Mais cet effet dépasse la simple variété : tous les types de nature produisent des résultats similaires, comme le montrent des recherches récentes de Van den Berg et ses collègues de Sheffield sur des parcs variés (propre, luxuriant, sauvage). Des études suédoises confirment : mer, forêt ou plaine apaisent autant les plaintes physiques que psychologiques.
Même photos ou vidéos de nature calment : une simulation de promenade forestière post-film d'horreur réduit le stress, contrairement à un trajet urbain ou une peinture abstraite.
Les chercheurs privilégient ces supports contrôlés pour éviter les interférences extérieures (aboiements, pluie...).
Cependant, pour les effets à long terme – sensorialité, saisons, connexion –, seule la nature réelle suffit. Photos ou vues par la fenêtre aident pour un stress ponctuel ou une concentration rapide.
Compte tenu de ses effets anti-stress et pro-concentration, la verdure booste la productivité. Les bureaux verts se multiplient. Une étude TNO sur les plantes au travail montre un lien faible avec l'absentéisme aux Pays-Bas (déjà verdoyants), mais positif en Norvège.
Attention : les plantes peuvent distraire lors de tâches simples ou routinières, mais excellent pour les travaux créatifs ou cognitifs exigeants. Privilégiez-les dans cantines et couloirs.
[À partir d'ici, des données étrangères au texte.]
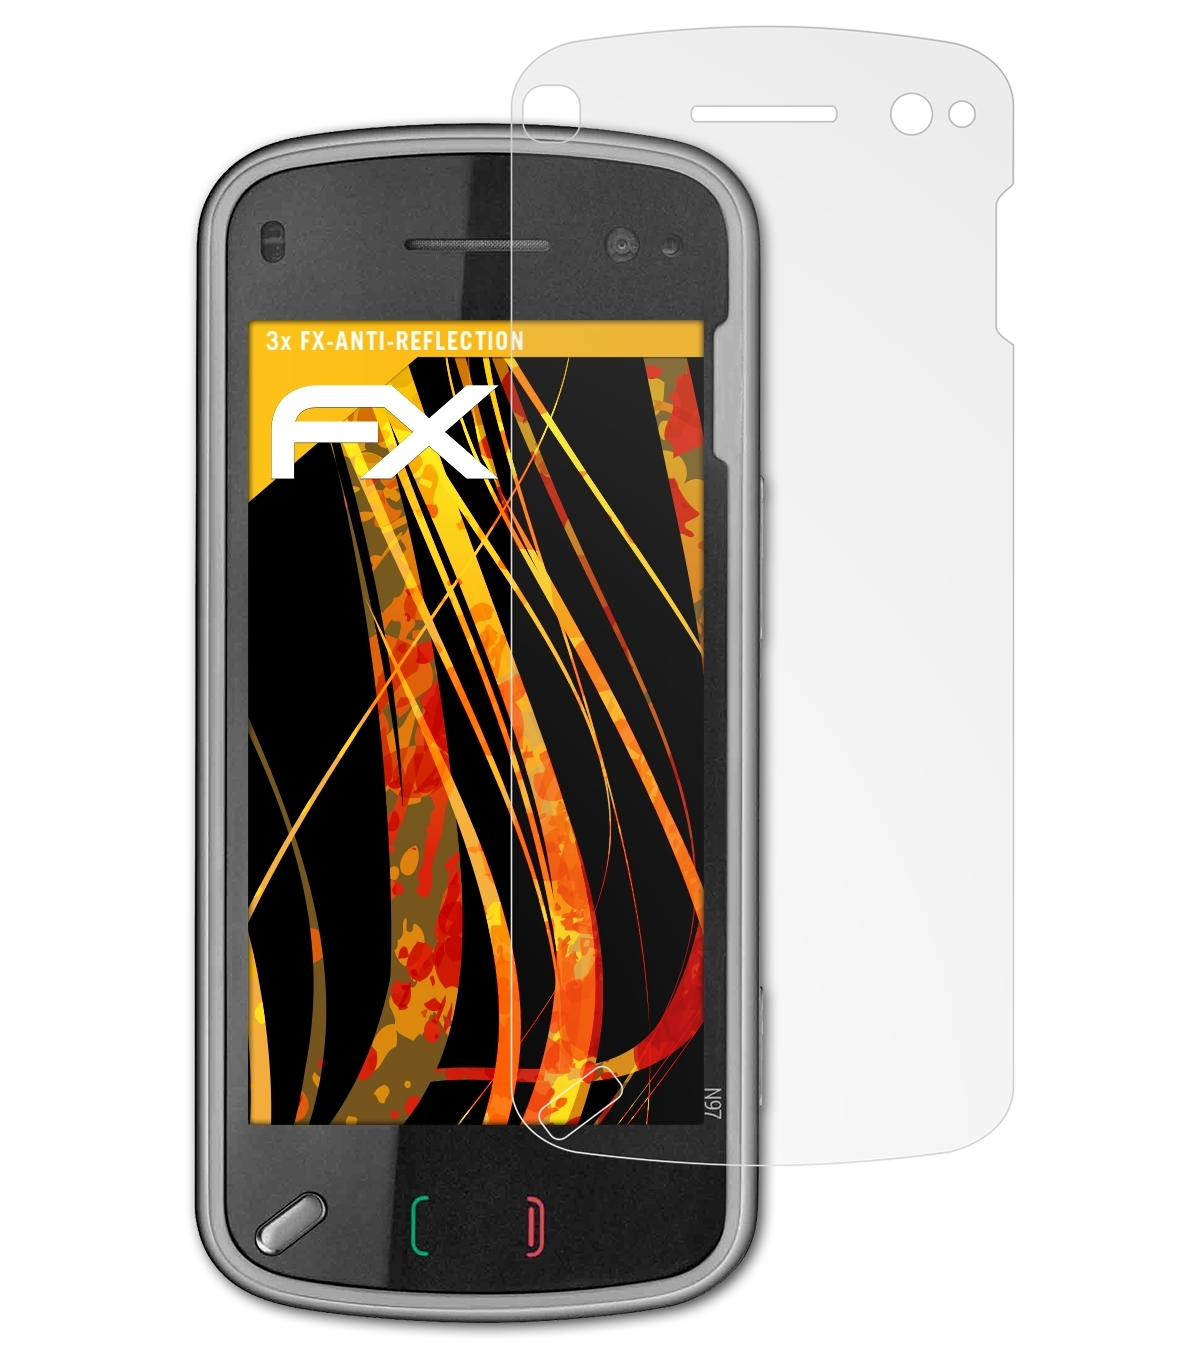 FX-Antireflex Nokia N97) Displayschutz(für 3x ATFOLIX
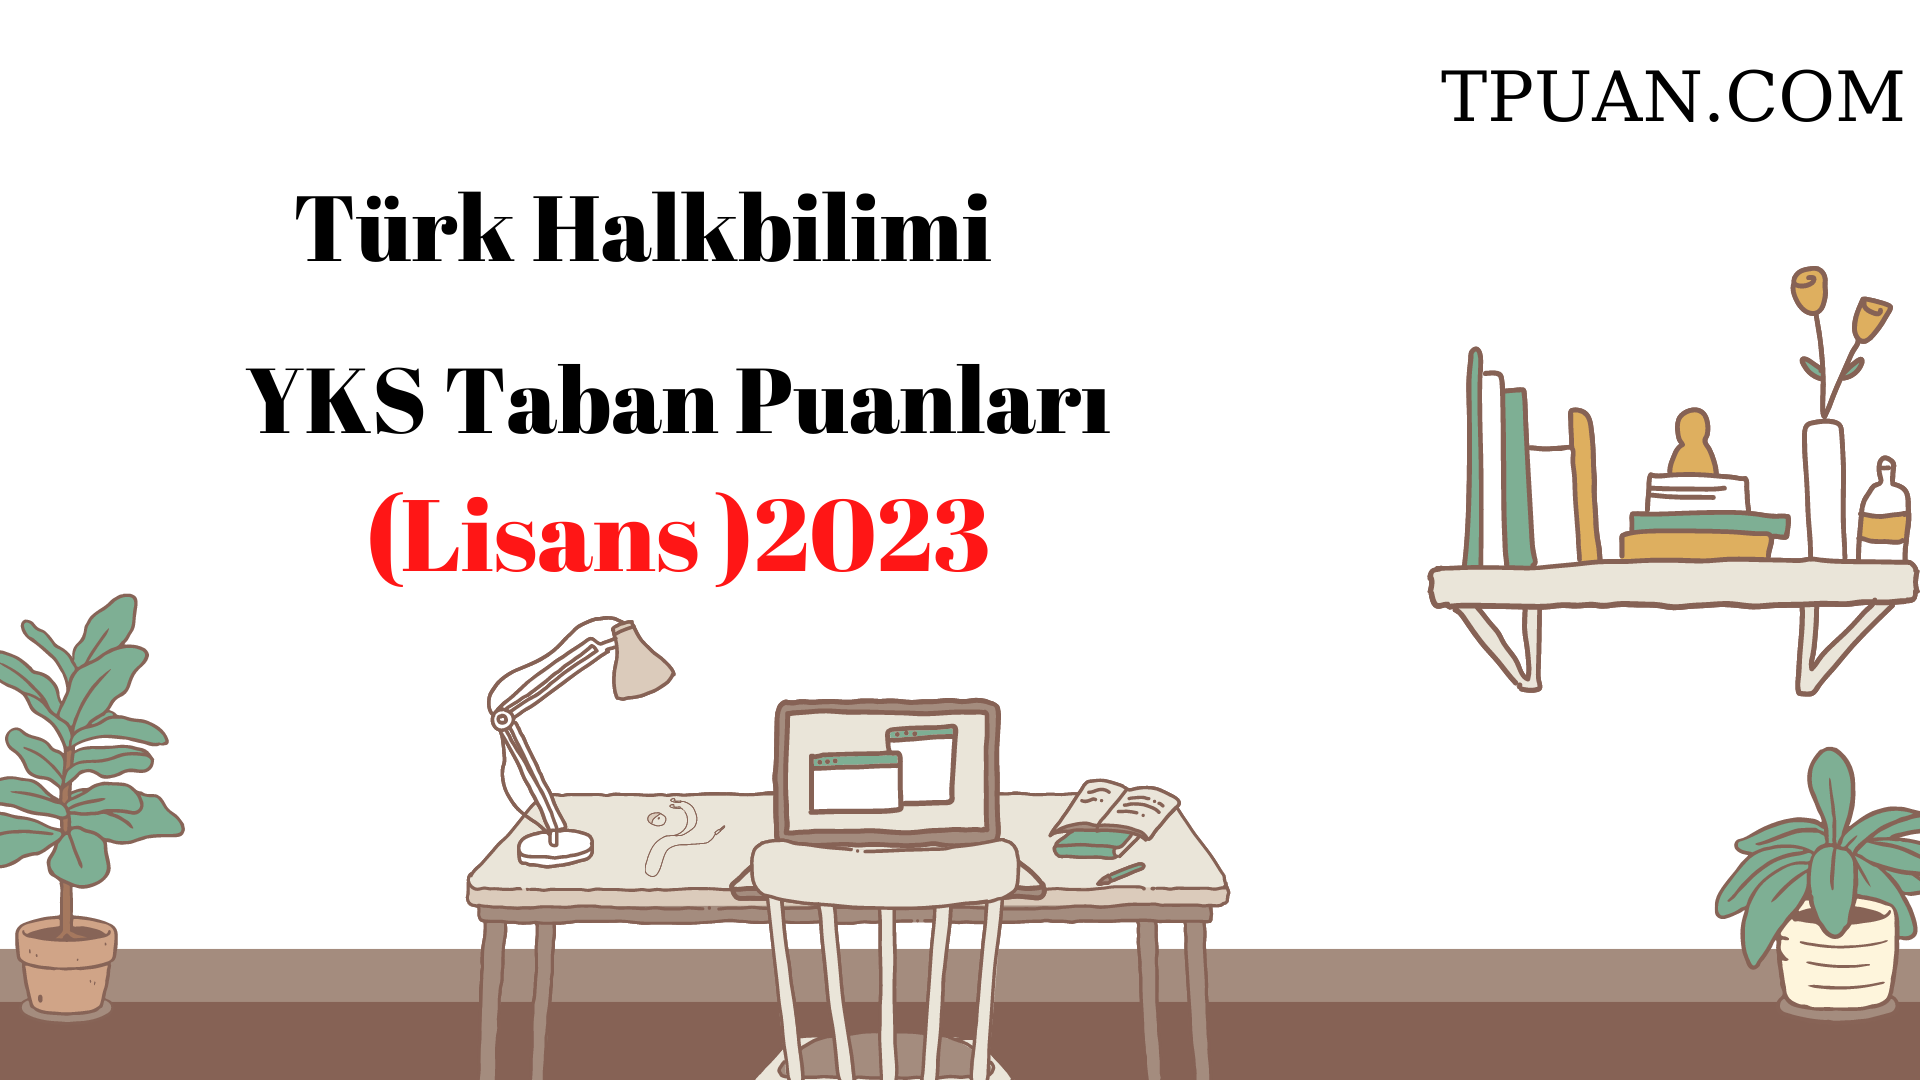  Türk Halkbilimi Bölümü YKS Taban Puanları (4 Yıllık) 2023

Les hôpitaux gagneraient le plus : personnel et patients bénéficieraient de verts traversés en déplacement, accélérant guérison et réduisant analgésiques.
À domicile, les « chambres vertes » pour seniors – avec activités naturelles comme compositions florales – accélèrent récupération du stress et réduisent fatigue, selon Van den Berg.
Si la causalité reste à affiner, les corrélations s'accumulent. « Je suis convaincue depuis longtemps », affirme Van den Berg. Le champ de recherche s'élargit rapidement.